Information supplied: Begin
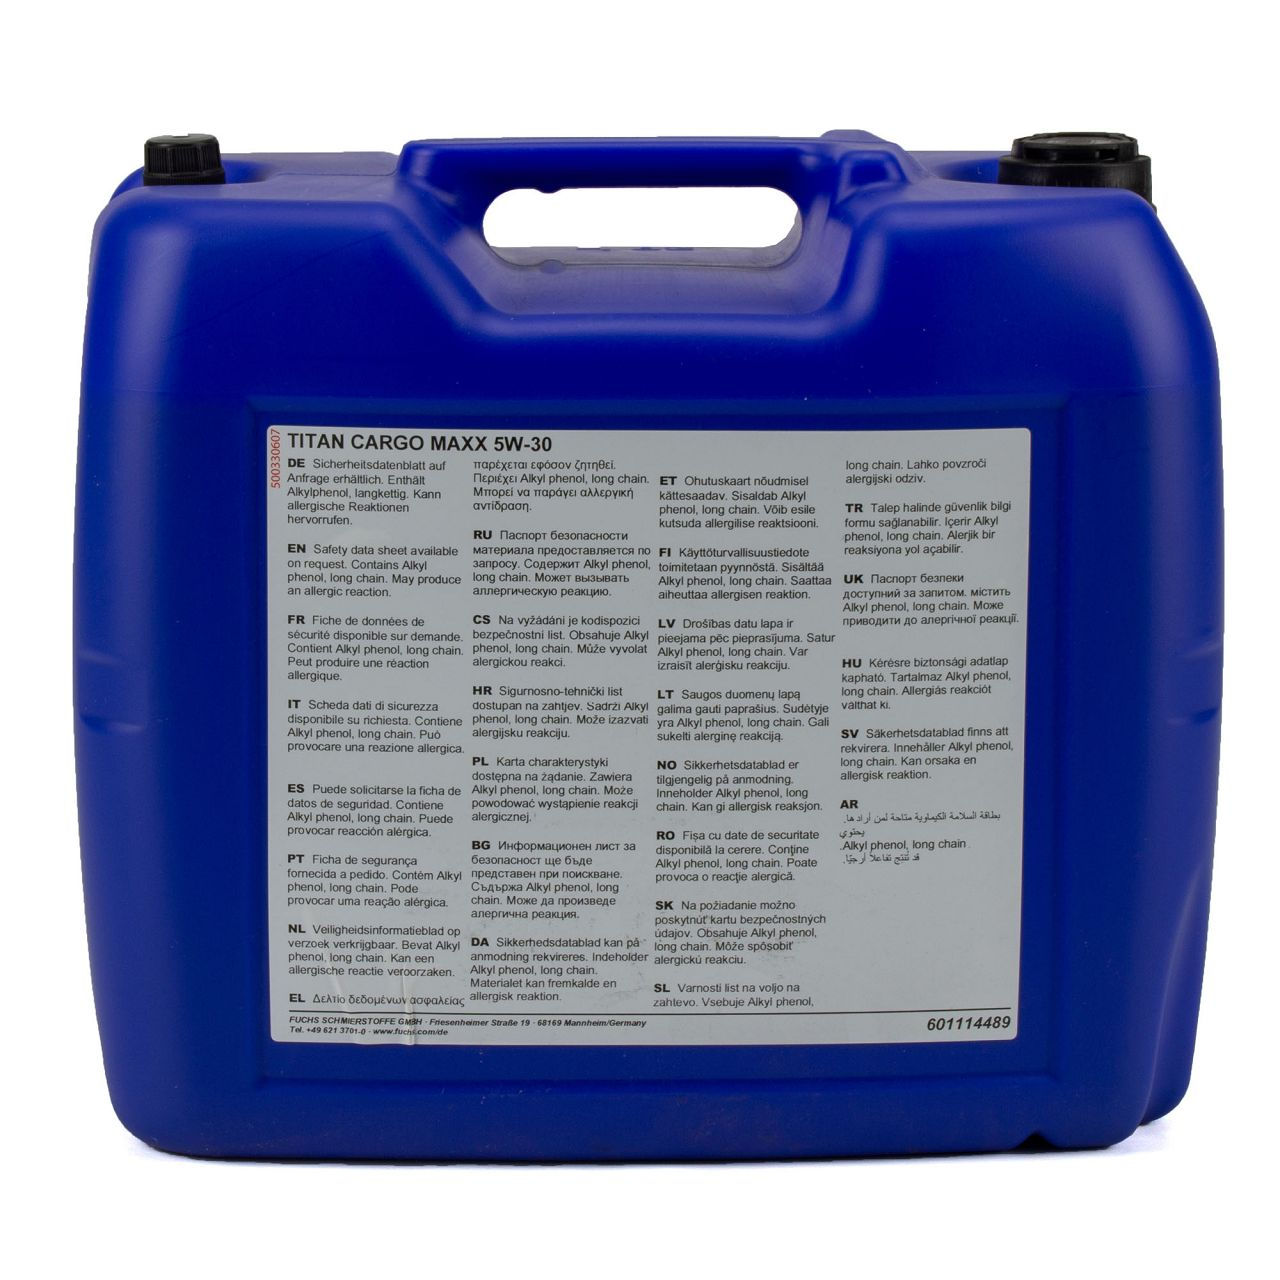 FUCHS Motoröl Öl TITAN CARGO MAXX 5W-30 5W30 NFZ Dieselfahrzeuge - 20L 20 Liter
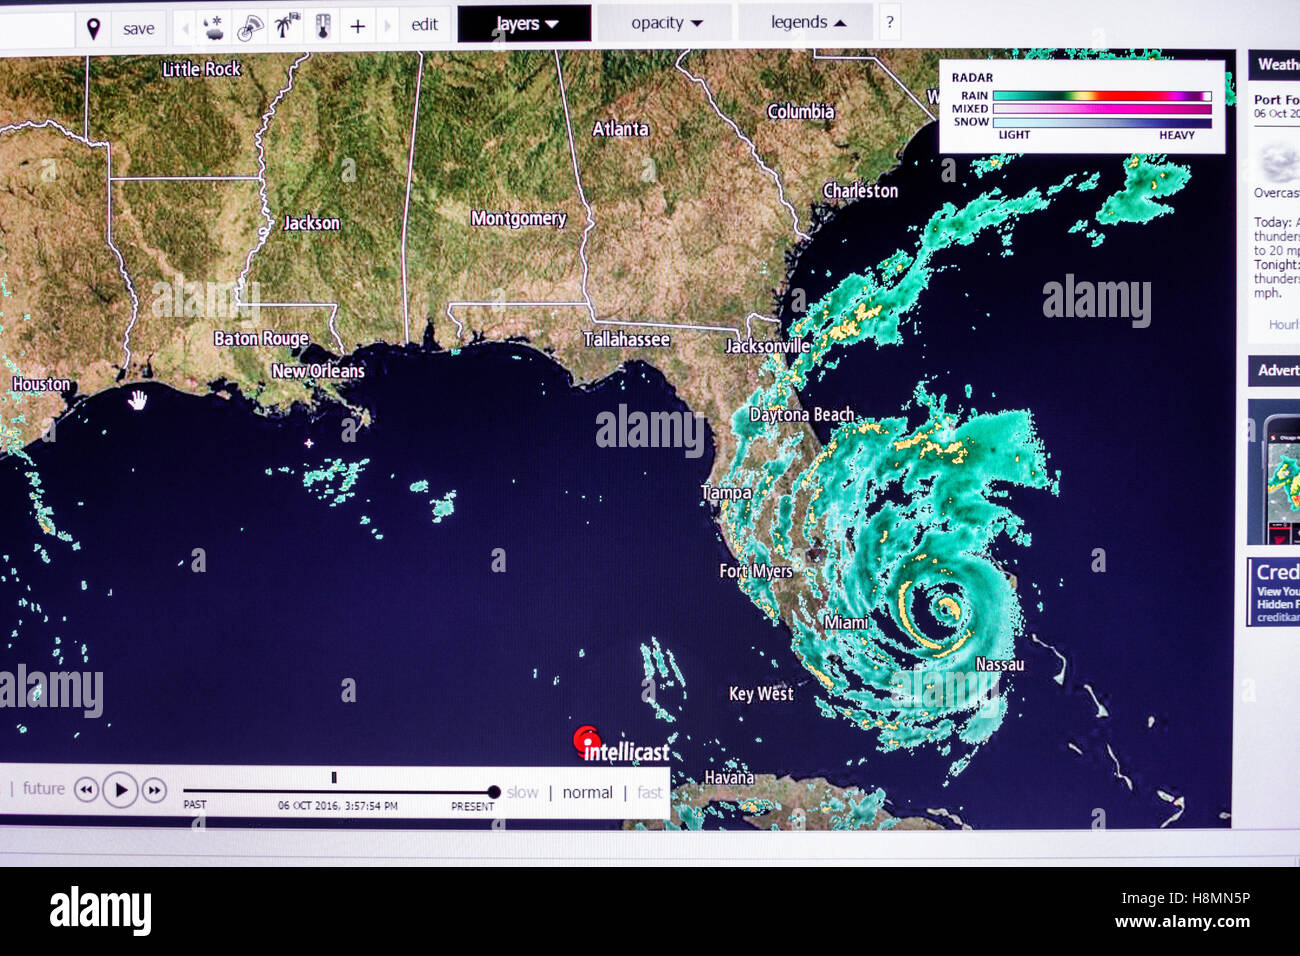 Nasa Daytona Beach Jacksonville Florida Are Getting
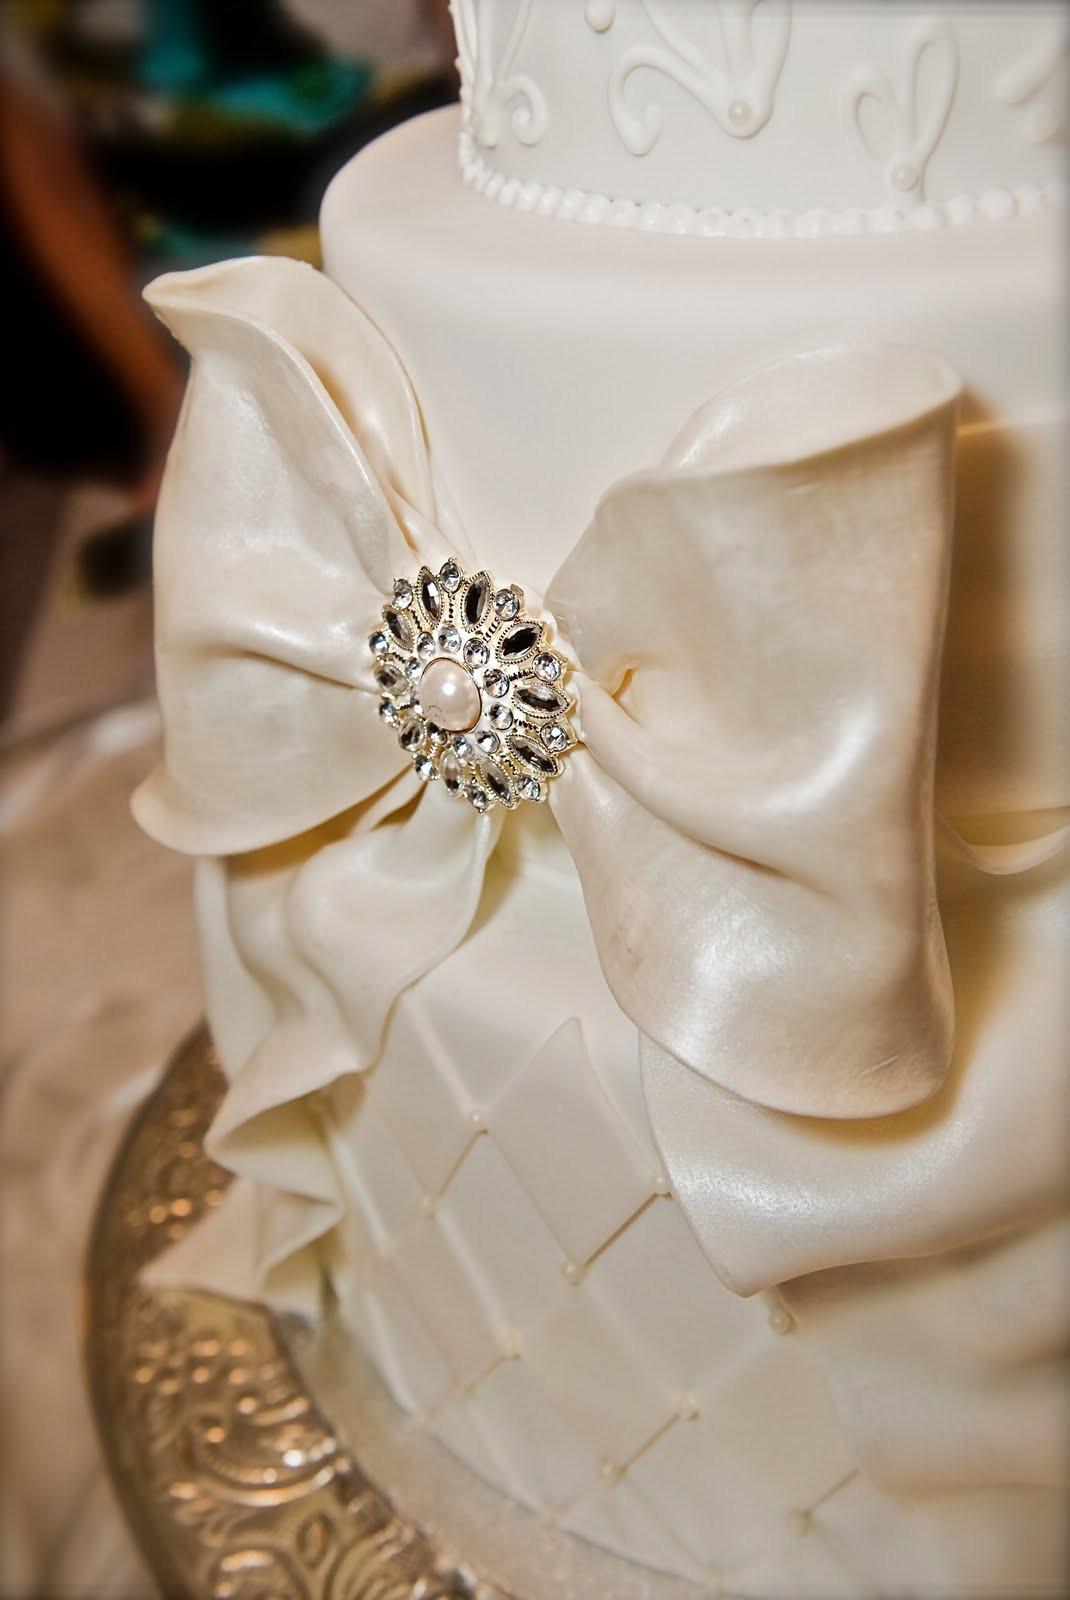 Wedding Cakes With Bows  The Good Apple Big Bow Wedding Cake
Information supplied: End
Only the pictures are to be left out; copy all the remaining material above exactly.

 FUCHS Motoröl Öl TITAN CARGO MAXX 5W-30 5W30 NFZ Dieselfahrzeuge - 20L 20 Liter
 Nasa Daytona Beach Jacksonville Florida Are Getting
 Wedding Cakes With Bows  The Good Apple Big Bow Wedding Cake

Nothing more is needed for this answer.